For \(PH\): \(\frac{PH}{\sin 36^\circ}=\frac{HK}{\sin 31^\circ}\), \(HK = 14\) yd. So, \(PH=\frac{14\sin 36^\circ}{\sin 31^\circ}\)
\(\sin 36^\circ\approx0.5878\), \(\sin 31^\circ\approx0.5150\)
\(PH=\frac{14\times0.5878}{0.5150}\approx\frac{8.2292}{0.5150}\approx15.98\approx16.0\) yd
For \(PK\): \(\frac{PK}{\sin 113^\circ}=\frac{HK}{\sin 31^\circ}\), \(\sin 113^\circ=\sin(90^\circ + 23^\circ)=\cos 23^\circ\approx0.9205\)
\(PK=\frac{14\times0.9205}{0.5150}\approx\frac{12.887}{0.5150}\approx25.0\) yd

Now let's solve the second triangle (△RST):

Step1: Find the third angle

\(\angle R = 180^\circ - 28^\circ - 25^\circ = 127^\circ\)

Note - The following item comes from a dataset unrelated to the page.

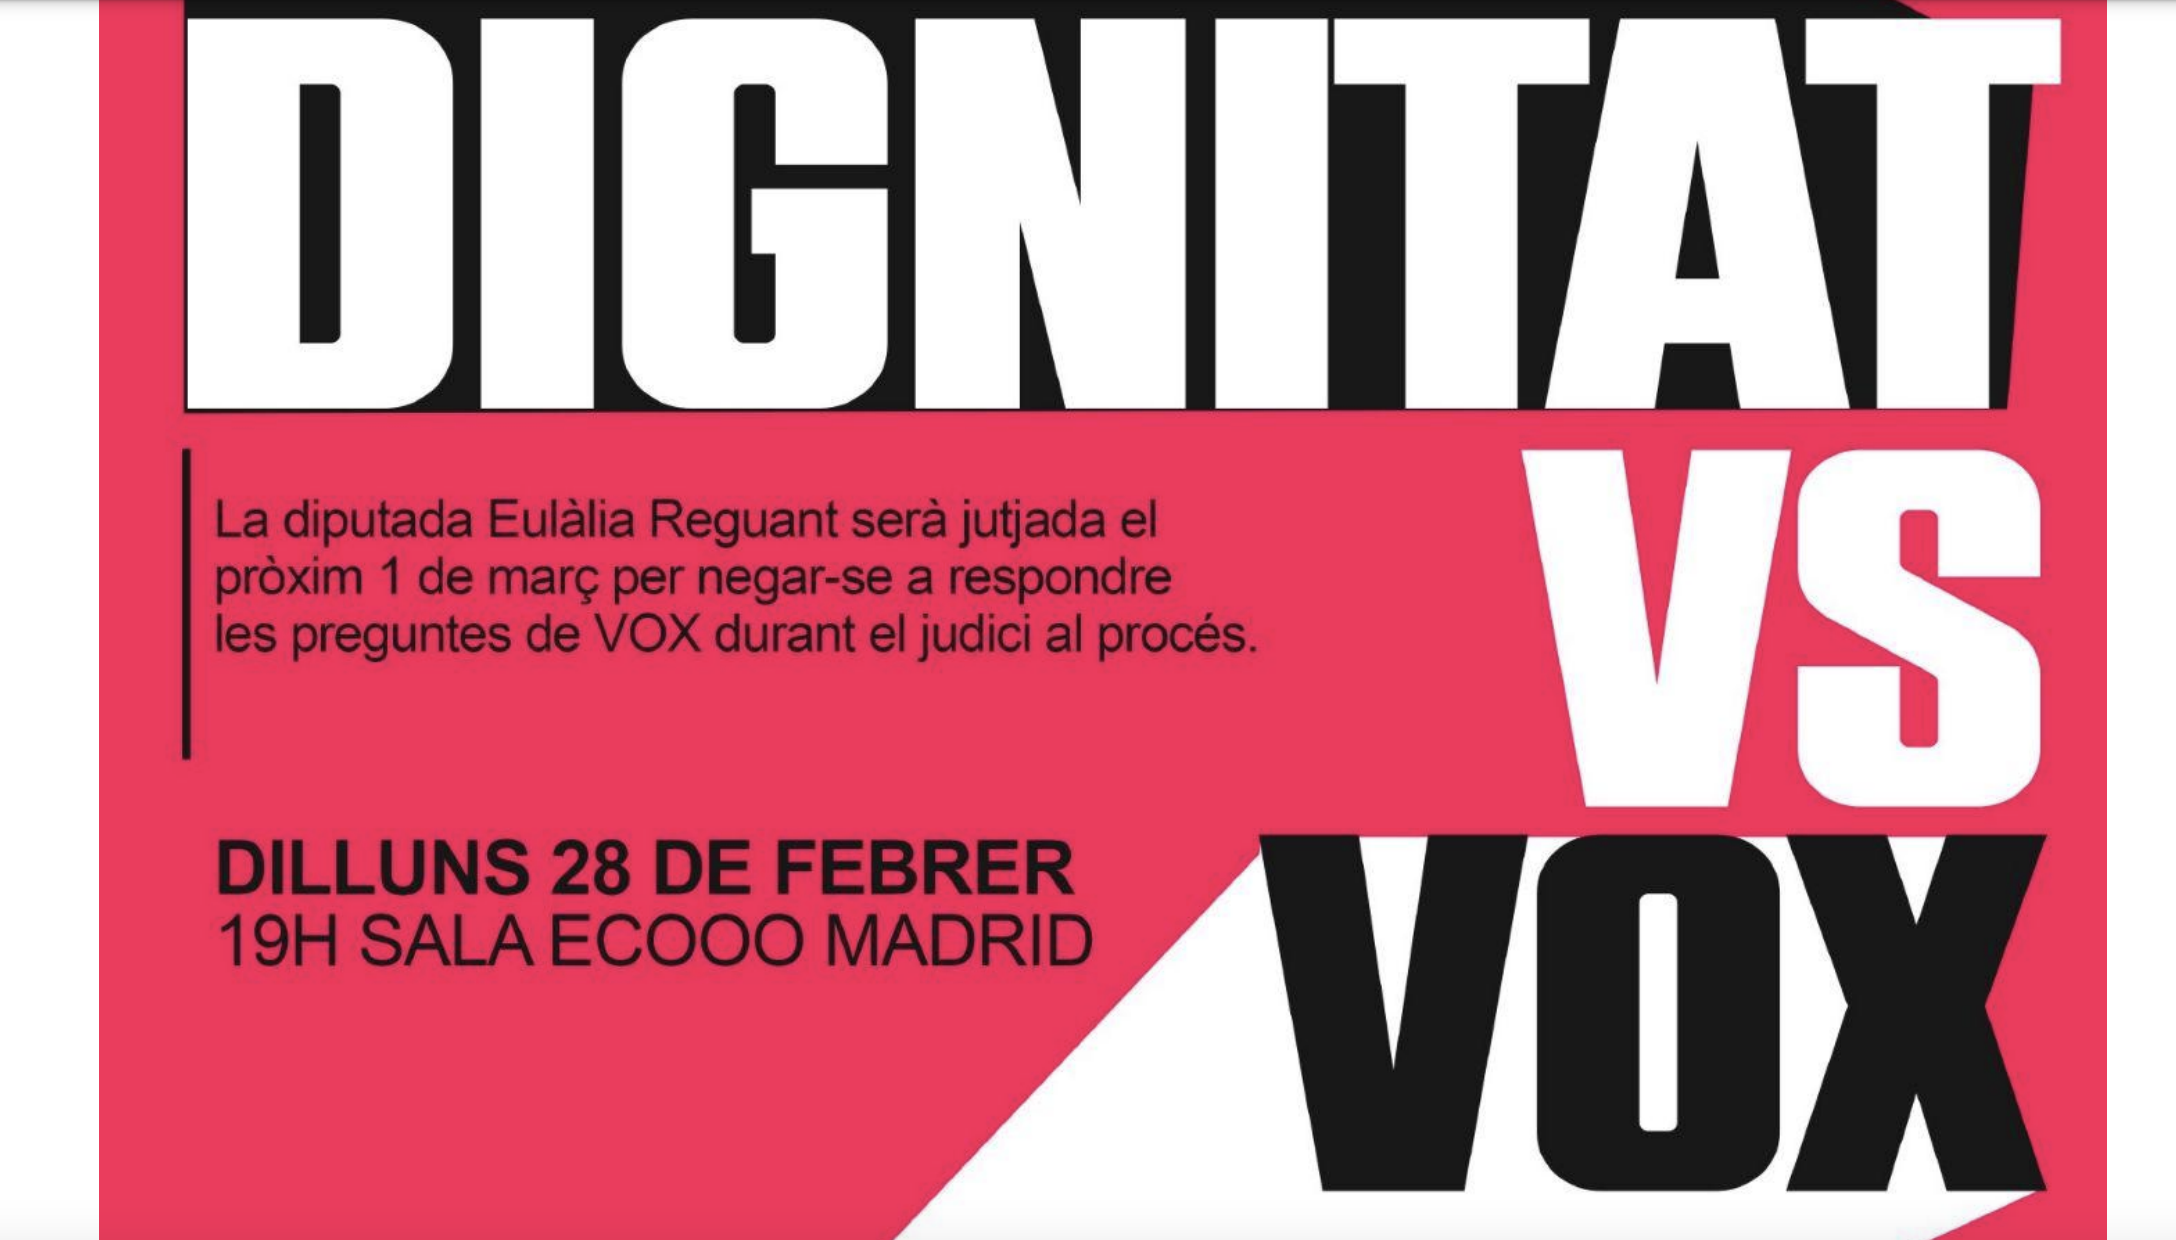 La CUP desembarca en Madrid para celebrar un acto contra Vox

Step2: Apply the Law of Sines

For \(RS\): \(\frac{RS}{\sin 25^\circ}=\frac{RT}{\sin 28^\circ}\), \(RT = 10\) yd
\(RS=\frac{10\sin 25^\circ}{\sin 28^\circ}\), \(\sin 25^\circ\approx0.4226\), \(\sin 28^\circ\approx0.4695\)
\(RS=\frac{10\times0.4226}{0.4695}\approx\frac{4.226}{0.4695}\approx9.0\) yd
For \(ST\): \(\frac{ST}{\sin 127^\circ}=\frac{RT}{\sin 28^\circ}\), \(\sin 127^\circ\approx0.7986\)
\(ST=\frac{10\times0.7986}{0.4695}\approx\frac{7.986}{0.4695}\approx17.0\) yd

(We can continue this process for other triangles following the same steps: find the missing angle first, then apply the Law of Sines to find the missing sides.)

Answer:

For △PHK: \(\angle P = 31^\circ\), \(PH\approx16.0\) yd, \(PK\approx25.0\) yd
For △RST: \(\angle R = 127^\circ\), \(RS\approx9.0\) yd, \(ST\approx17.0\) yd
(And similar solutions for other triangles by following the Law of Sines steps: find the third angle, then use \(\frac{a}{\sin A}=\frac{b}{\sin B}=\frac{c}{\sin C}\) to find missing sides.)